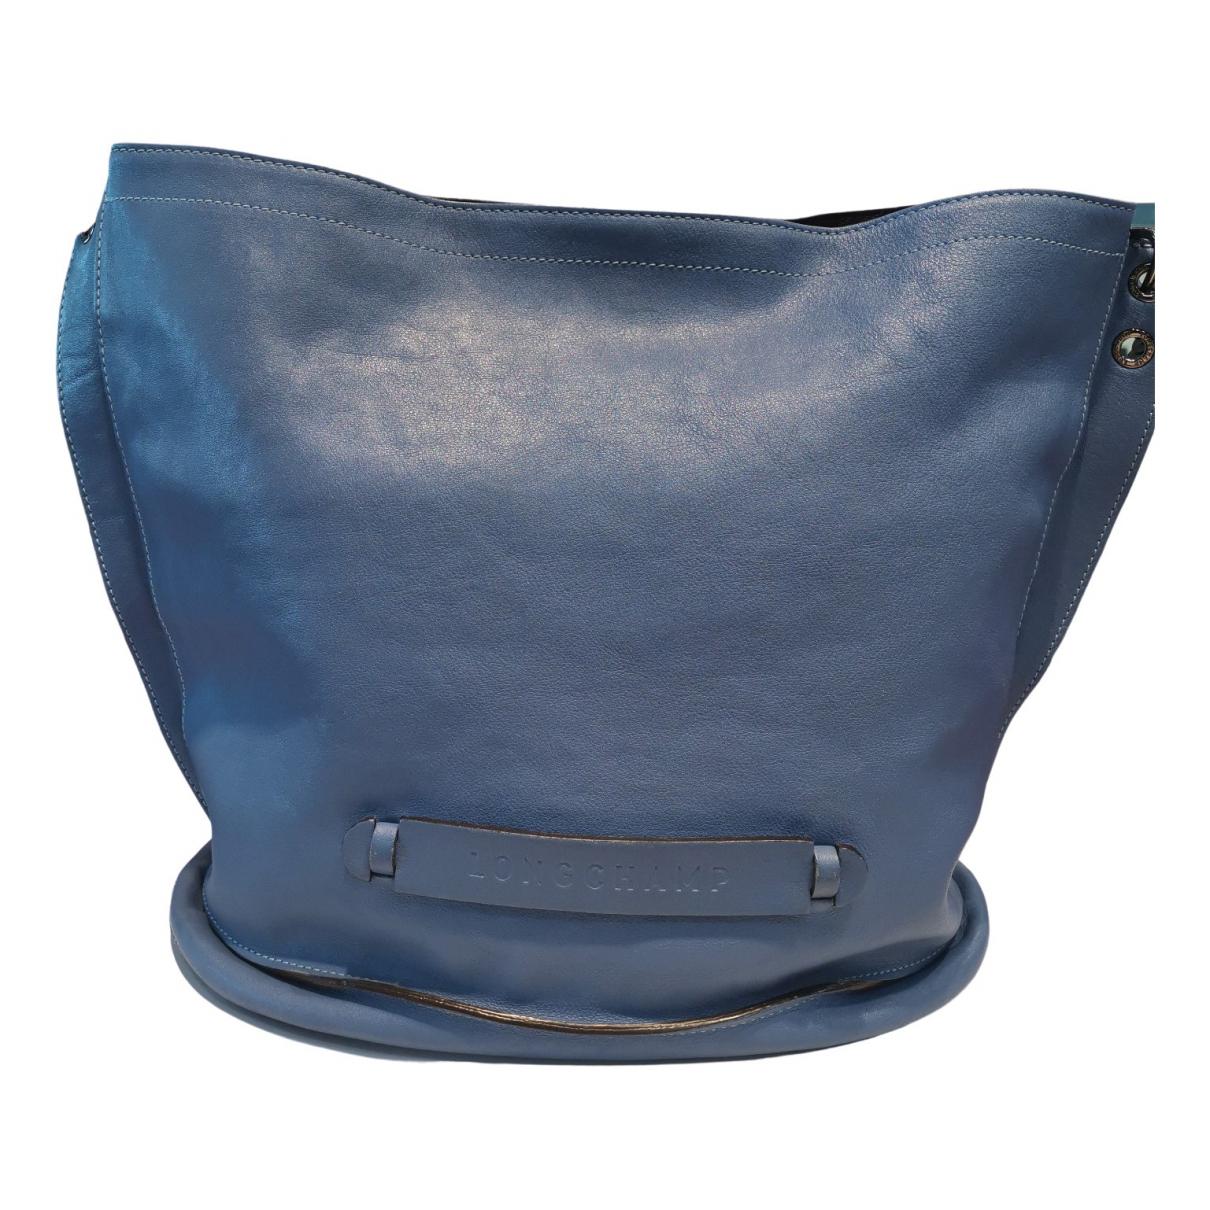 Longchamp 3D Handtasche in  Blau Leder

* * *

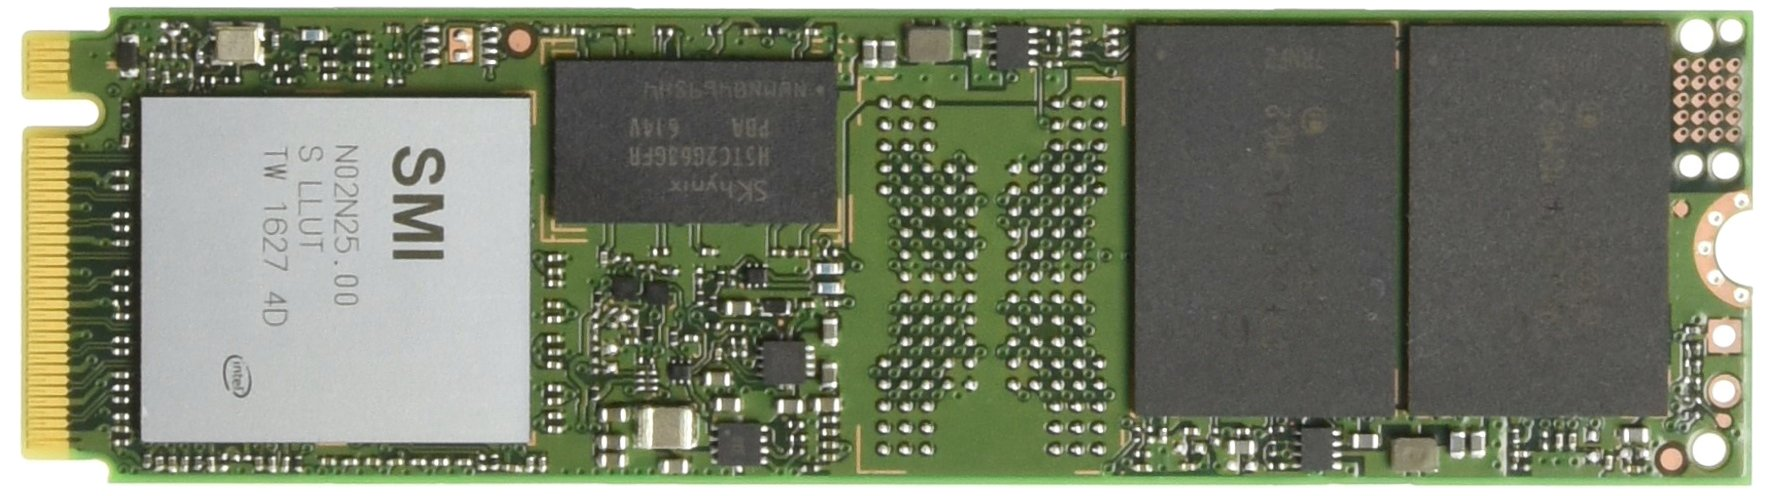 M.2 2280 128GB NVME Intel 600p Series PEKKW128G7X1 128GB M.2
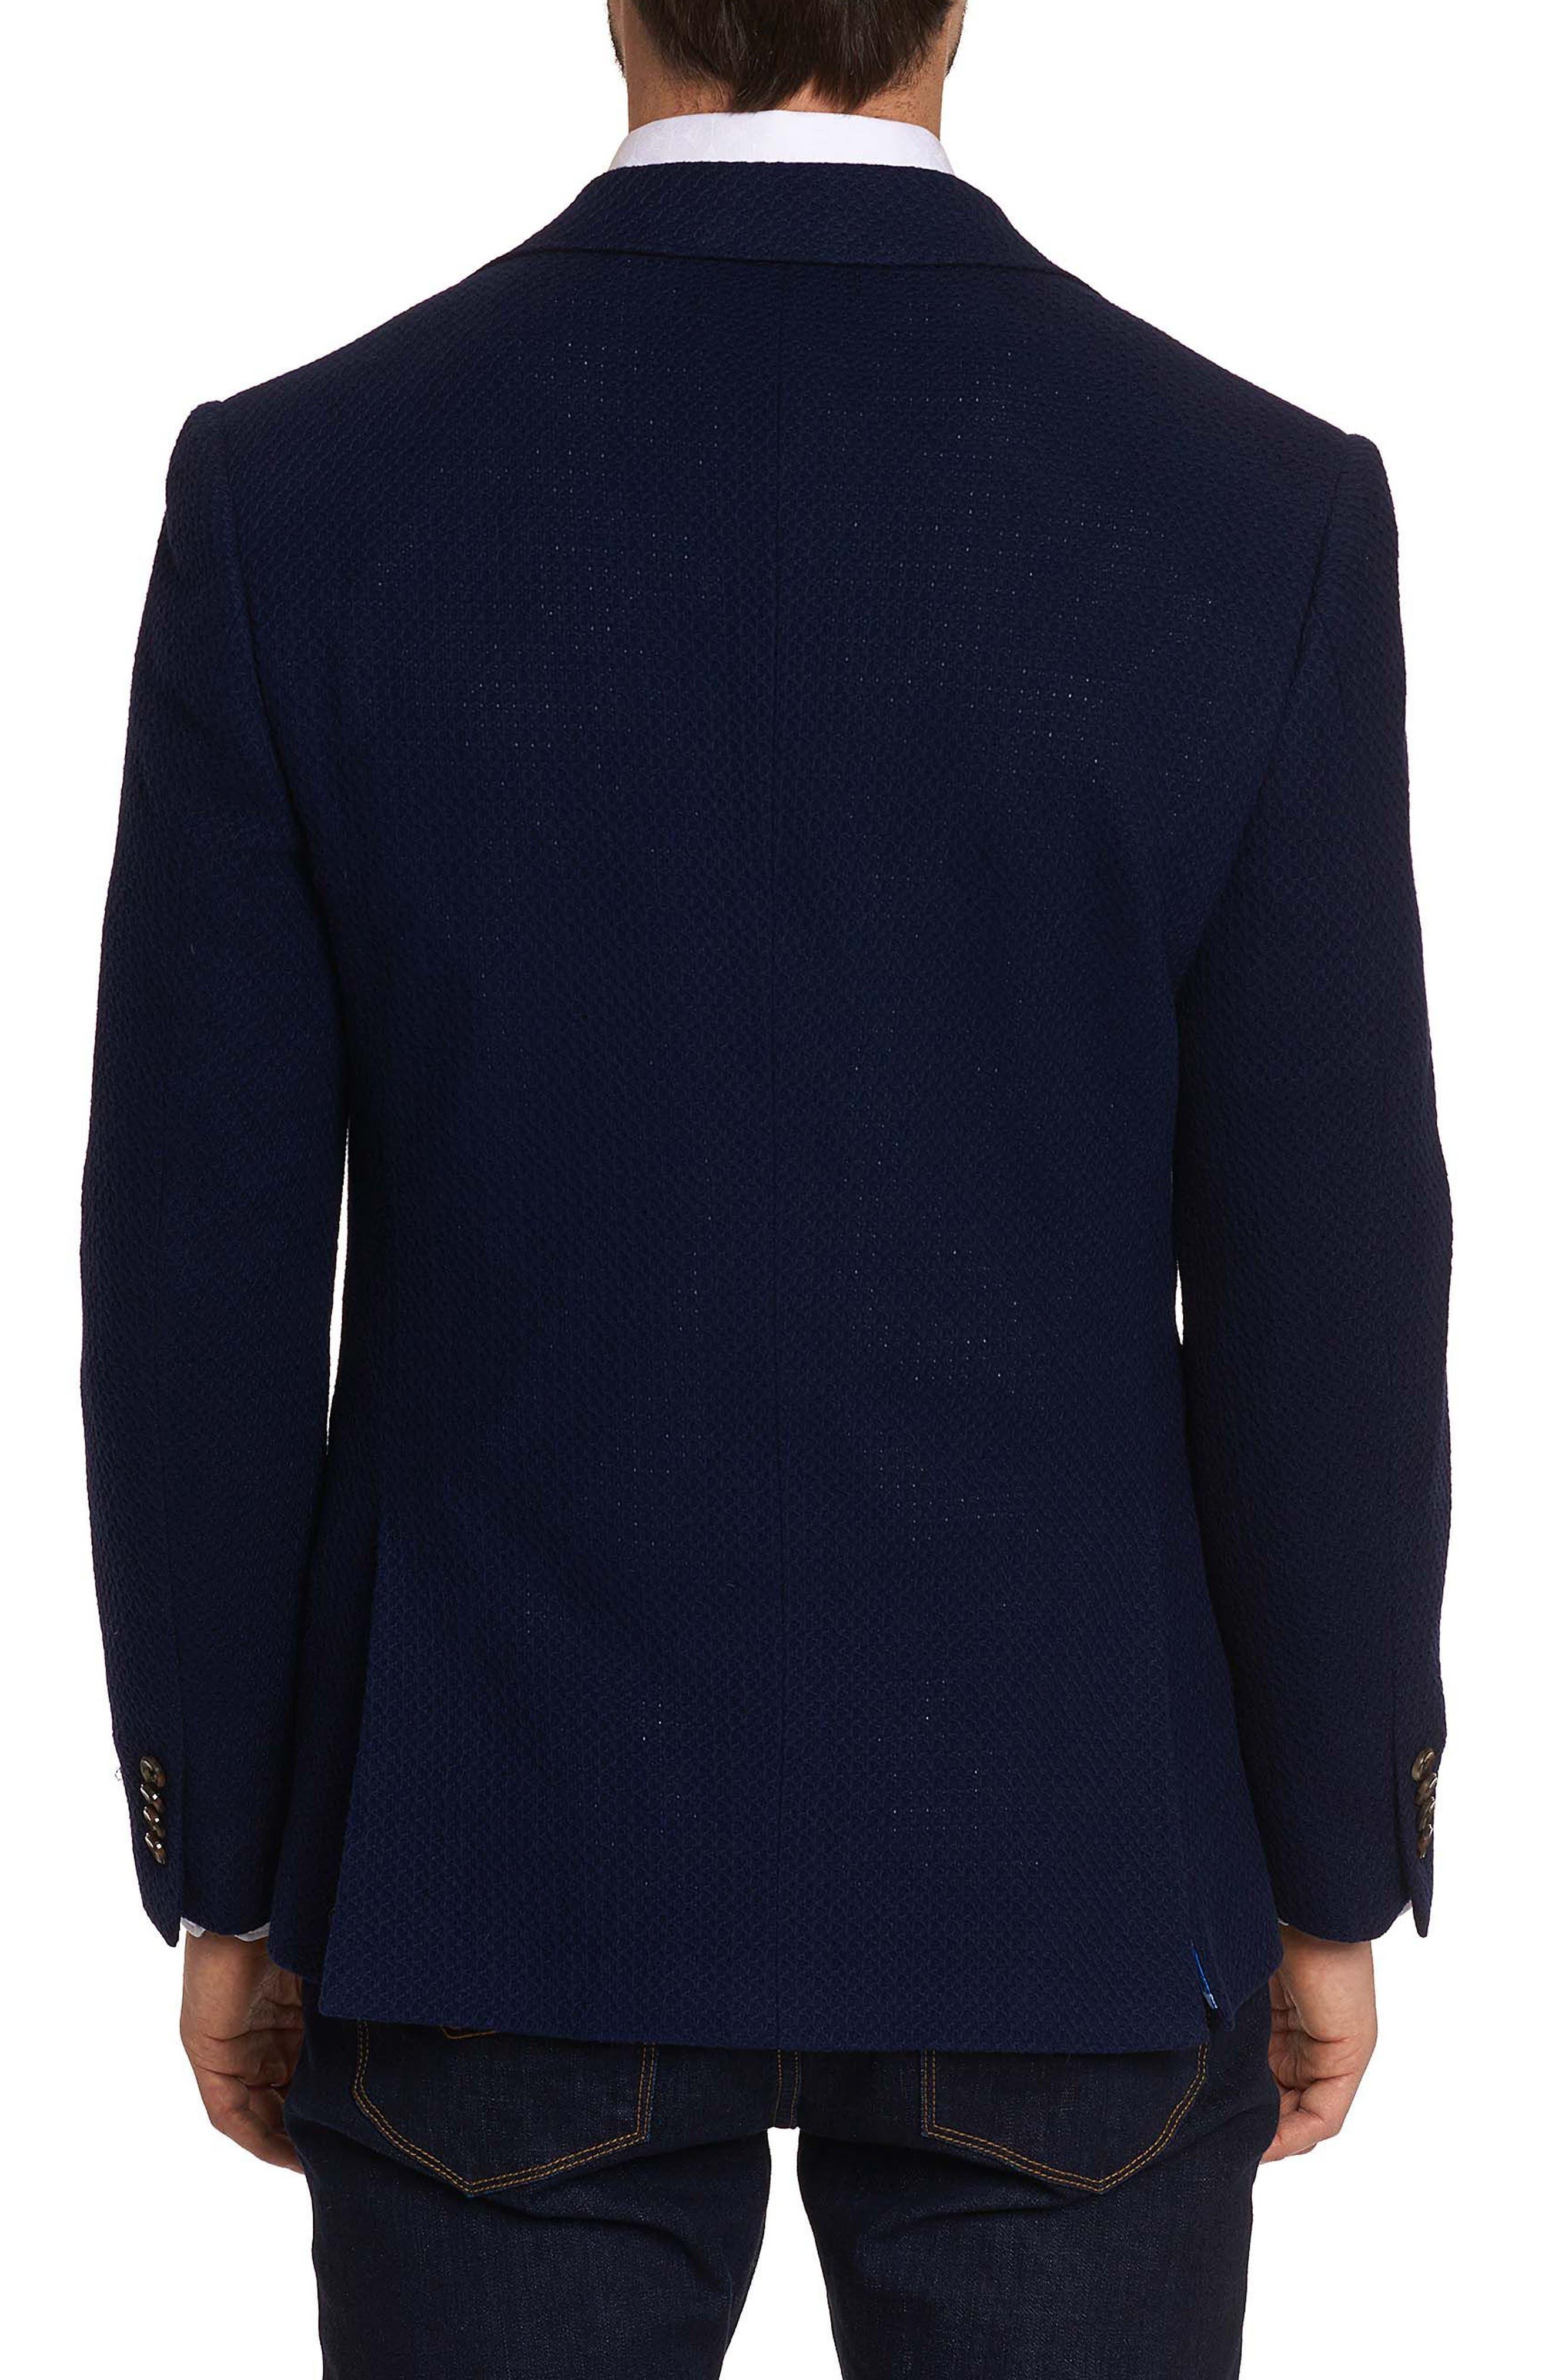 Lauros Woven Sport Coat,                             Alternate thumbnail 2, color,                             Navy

---

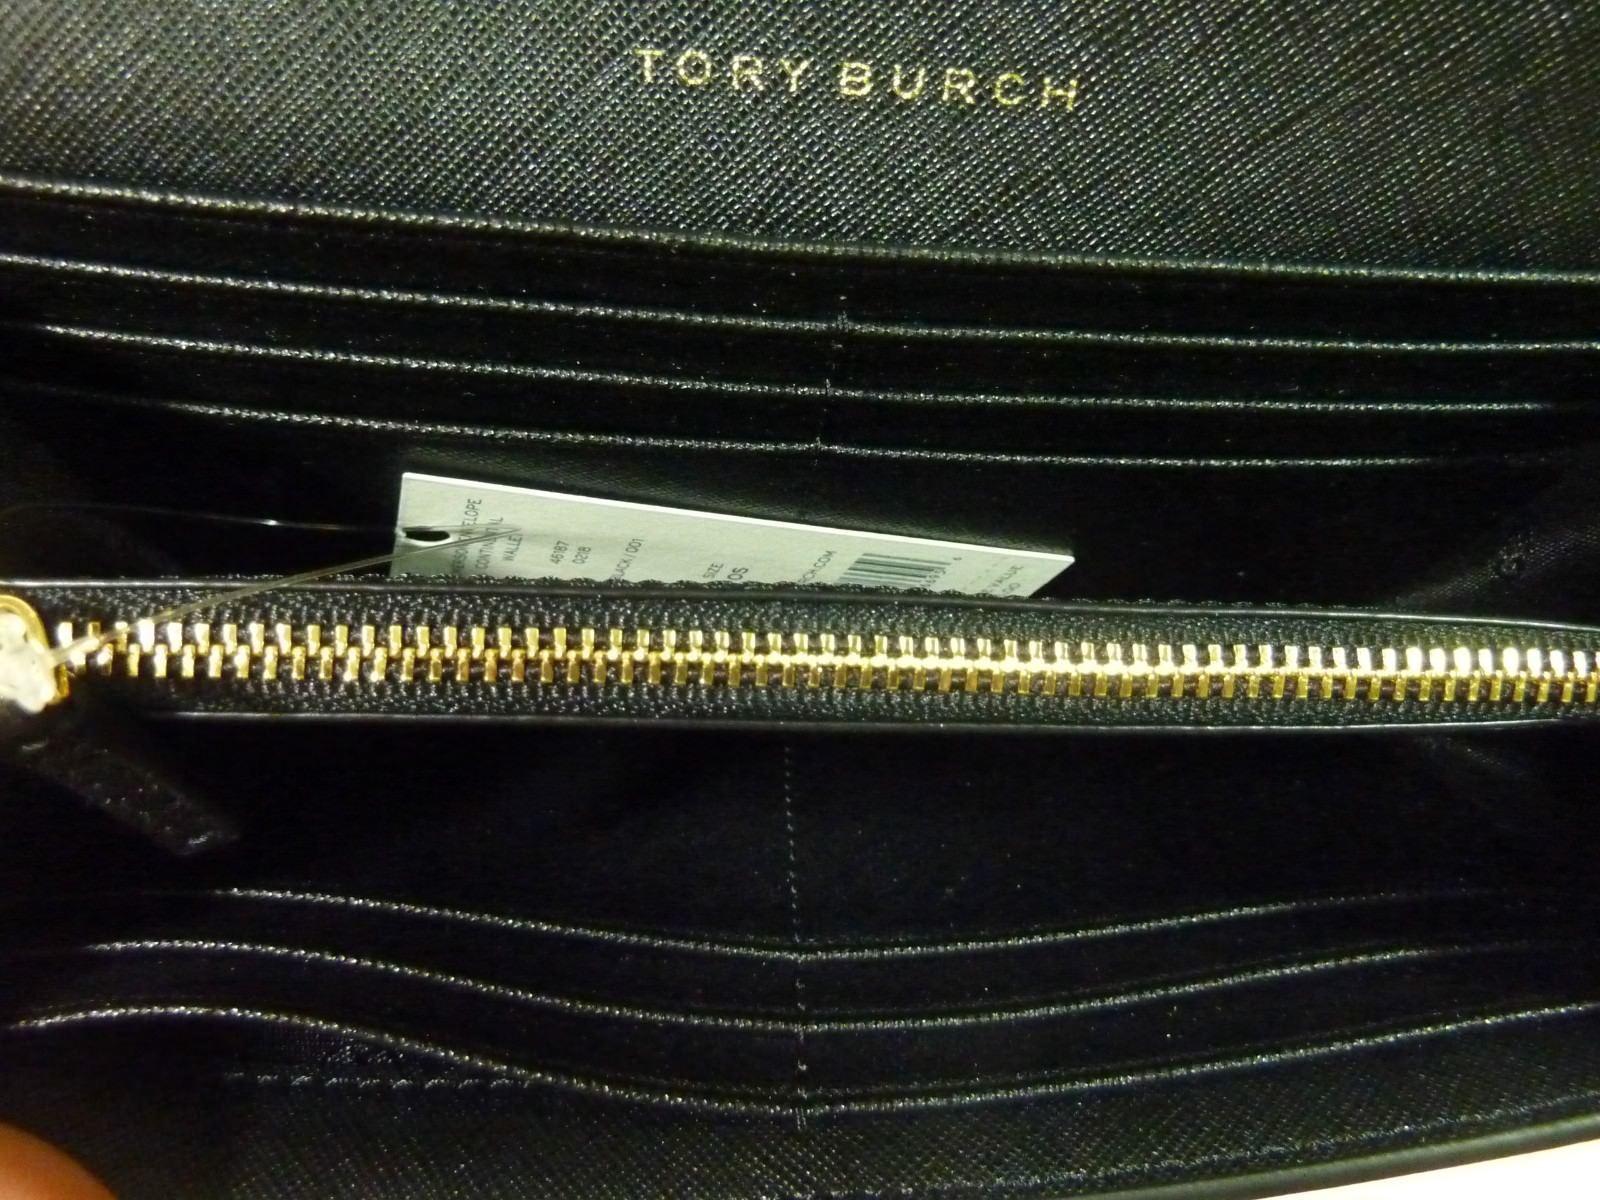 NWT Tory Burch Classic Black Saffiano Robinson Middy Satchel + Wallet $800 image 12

• **Work instruction**
Set the pictures aside and transcribe exactly the stretch of lines above, beginning with the one holding "M.2 2280 128GB" and ending with the one holding "Lauros Woven Sport".

• **Your solution**
 M.2 2280 128GB NVME Intel 600p Series PEKKW128G7X1 128GB M.2
 Lauros Woven Sport Coat,                             Alternate thumbnail 2, color,                             Navy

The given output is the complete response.